Since early 2018, the forward power market in Texas has been in various states of backwardation (prices for a commodity get less expensive into the future). This backwardation made longer retail electricity agreements attractive as each additional year purchased was a chance to capitalize on lower futures prices and reduce the overall weighted average price. Last fall, the slope of that backwardation reached its maximum negative slope (see Figure 1). On November 1, 2019, the price for calendar year 2021 was trading at approximately $44/MWh, while 2028 was trading below $24/MWh. The $20/MWh discount from 2021 to 2028 produced a significant amount of backwardation and a downward sloping forward market for wholesale electricity.
Figure 1: ERCOT North Electricity Forward Curve from 5
This market phenomenon was mostly driven by the significant backwardation of summer on-peak prices (the spikes in Figure 2). And even though there was a minor drop year-over-year in the winter values (the smaller humps in Figure 2), the dramatic decrease in summer on-peak power prices that was a primary driver of lower futures prices. This produced record low retail electricity prices in ERCOT, where summer usage and prices dictate market movements.
Figure 2: ERCOT North Electricity Forward Curve from 5
Over the last year there has been a reversal of trends, with the outer years (2024 – 2029) beginning to rise, while the closer years (2021 – 2023) staying range bound within a $4/MWh trading range as shown in Figure 3.
Figure 3: Calendar Year Wholesale Electricity ERCOT North from 5
What has been surprising is that it isn’t the rally of the summer on-peak months that is bringing up the outer years. The rally in the outer years seems to be driven by price increases in the non-summer months and off-peak periods. Prices for the non-summer months (October – April) beyond 2023 have rallied significantly compared to this time last year. This is shown in Figure 4 where the blue line is the forward curve from last November and the black line is the current forward curve. This chart shows that while summer on-peak prices have continued to fall, prices in the non-summer months have rallied.
Figure 4: ERCOT Houston Electricity Forward Curve from 5
The rise in the non-summer months, along with the rally in off-peak prices (all night and weekend hours) has caused prices in the outer calendar years to increase by over $7/MWh as shown in Figure 5. This can be attributed to multiple drivers summarized below.
Figure 5: ERCOT Houston Electricity Forward Curve from 5
- Increased reliance on renewable generation - As the state’s generation fleet is made up more and more from renewable generation, it becomes increasingly difficult to rely on that generation to economically dispatch when it is needed the most, as evidenced by California’s rolling blackouts this summer.

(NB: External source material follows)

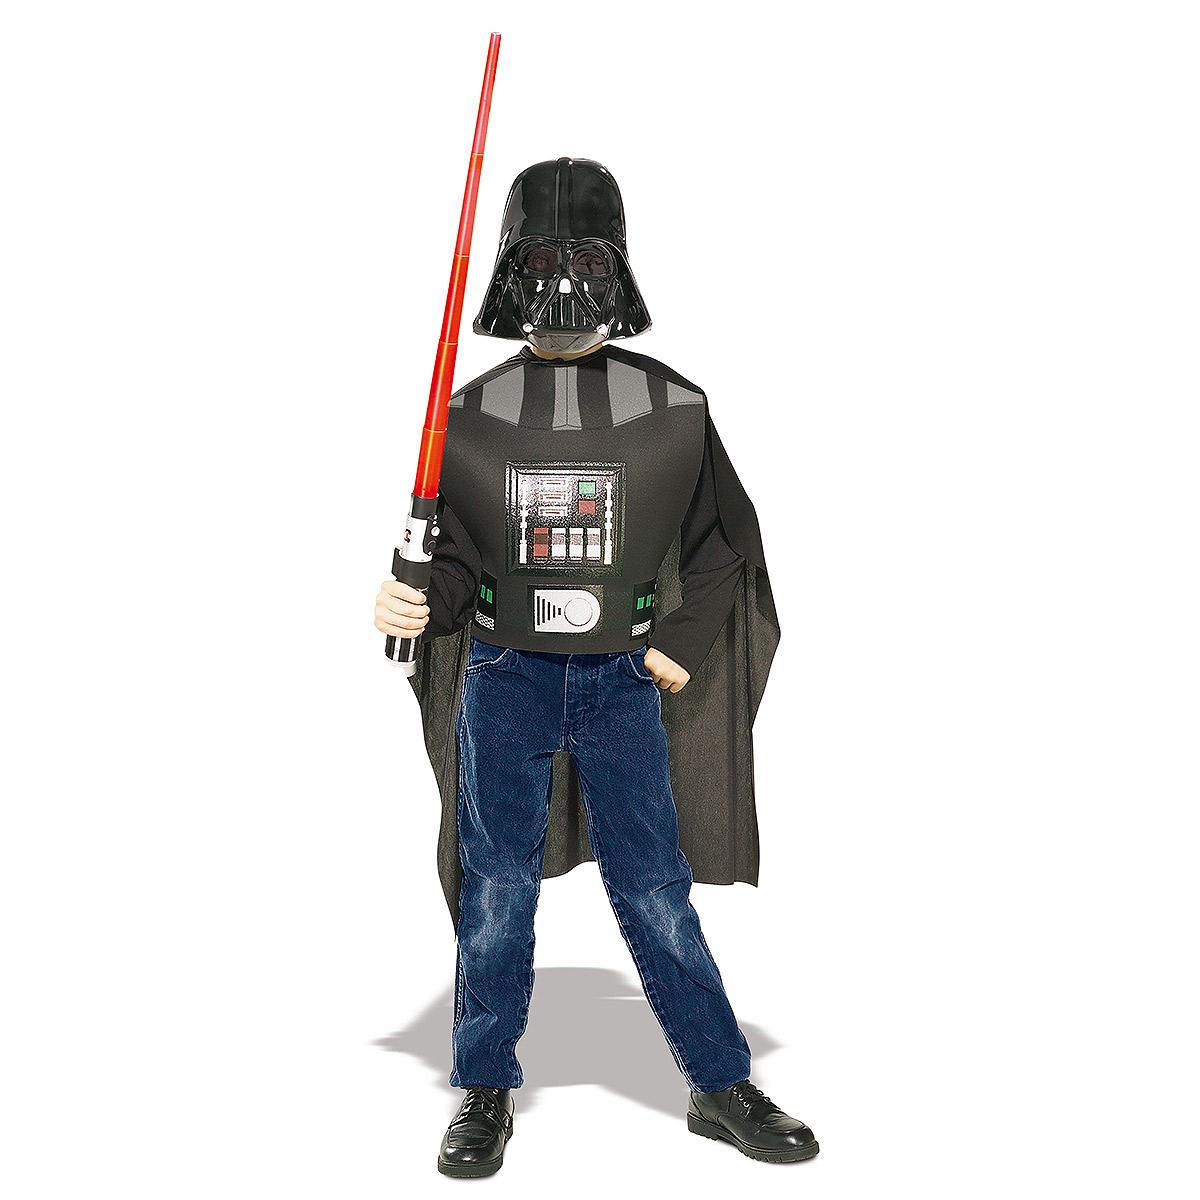 original darth vader kost m cape maske lichtschwert star wars kost m 128 140 ebay. Black Bedroom Furniture Sets. Home Design Ideas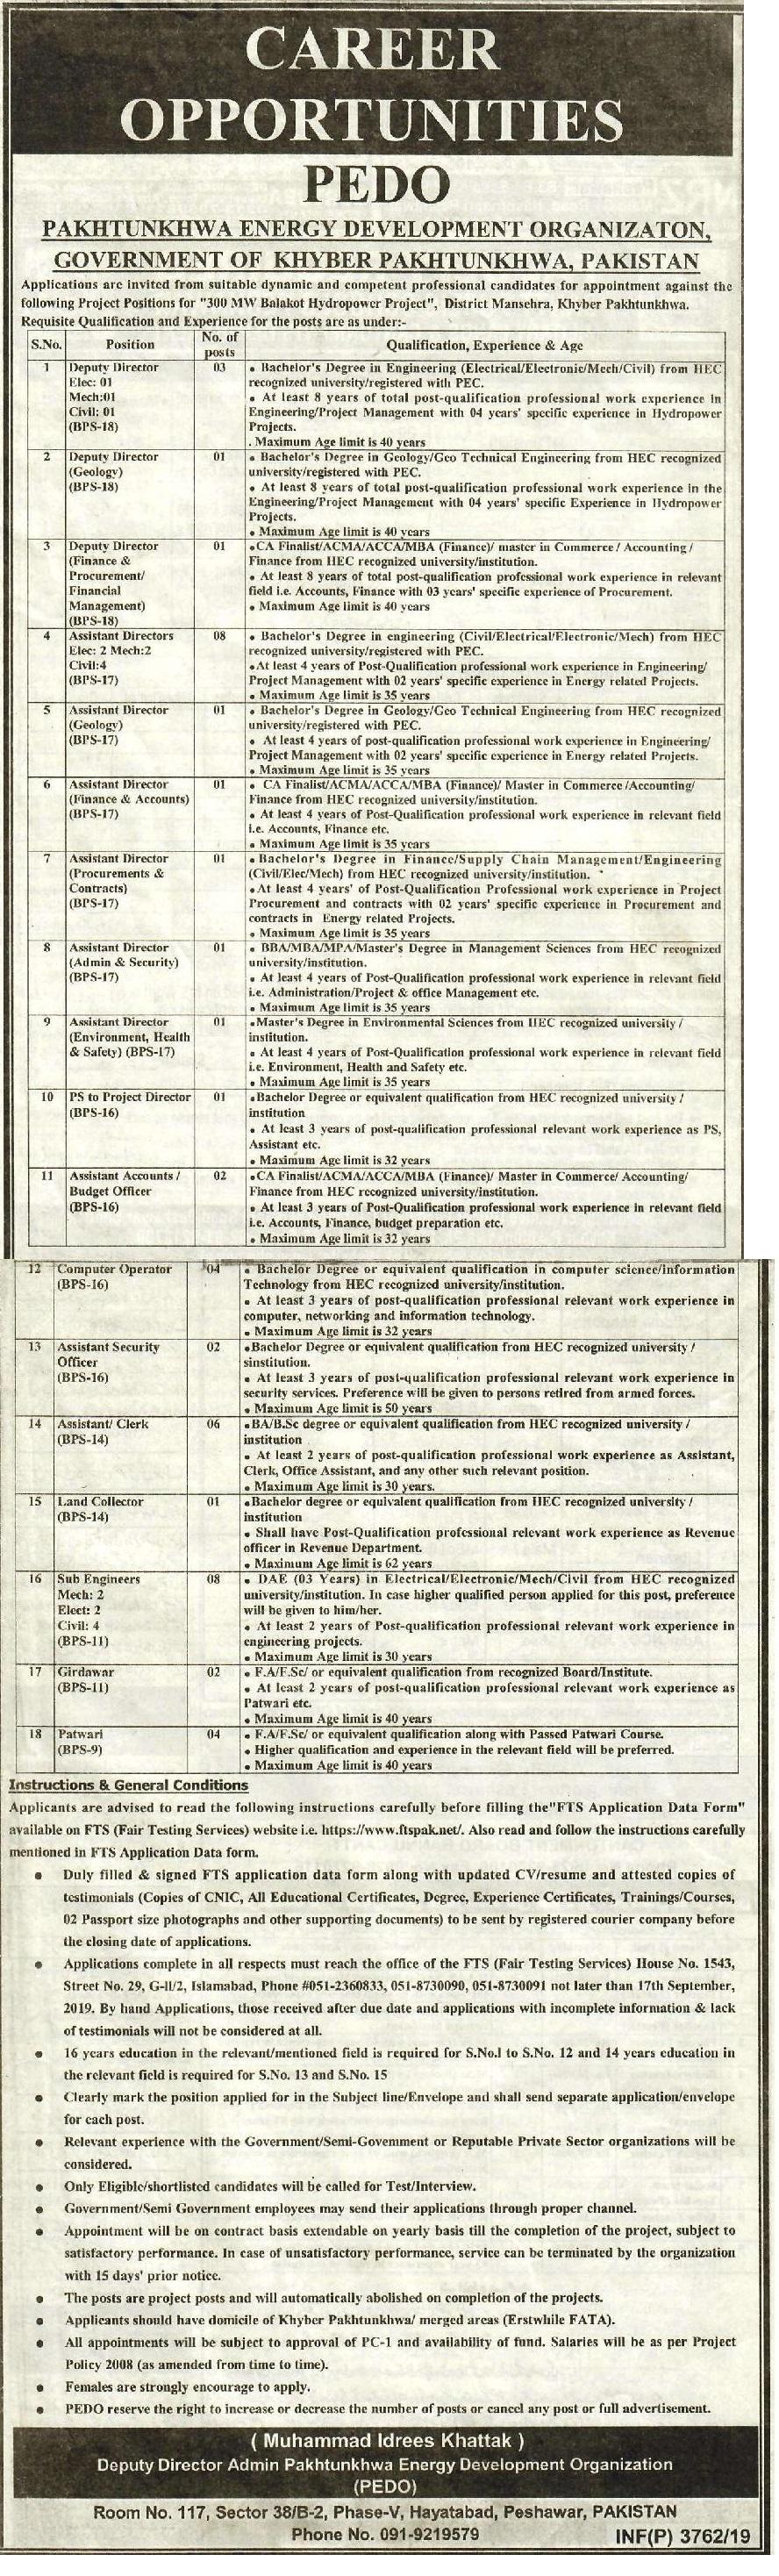 KPK Energy Development Organization FTS Jobs 2019 Application Form Roll No Slip

This can also be seen on cold North Texas mornings, when electricity demand ramps quickly in the early morning hours, before the sun rises, when the wind is calm, and both solar and wind generating assets can’t keep up with rising demand.
- Load peak shifts to the weekends - Electricity demands on the weekends are quickly approaching the peaks set on summer weekdays as residential load continues to increase, while commercial and industrial electricity demand slowly becomes a seven day per week necessity. As this trend continues, the summer off-peak hours and non-summer months will continue to have upward pressure applied by traders.
An example of both drivers can be seen in the settled real-time prices from Monday, October, 26th. On this day, the average real-time price of $165/MWh was the highest average price of the year, eclipsing even the record-breaking demand day in July. High real-time prices were not due to excessive demand. The peak demand on Monday was only around 46,000 MWs, or about 65% of a typical warm summer afternoon, low even for a mild day in October. Instead, it was a miss in the forecast for the amount of wind generation expected from the grid.
On Sunday, October 25th, ERCOT was forecasting over 19,000 MW of wind generation on Monday from 1:00 AM through 11:00 PM. However, by early afternoon the actual amount of wind generation was less 9,000 MWs. By 8:00 PM, the total wind powered generation was below 6,000 MW, a miss of almost 13,000 MWs, almost two times the annual average hourly output of all of the state’s coal plants combined.
This increase in off-peak and non-summer price volatility is what is driving up forward market prices. Increased reliance on generation resources that are not as reliable as those they are replacing will likely continue to increase forward market prices. This upward pressure on forward prices will likely continue until the market is confident that there is enough future generating capacity to keep up with demand.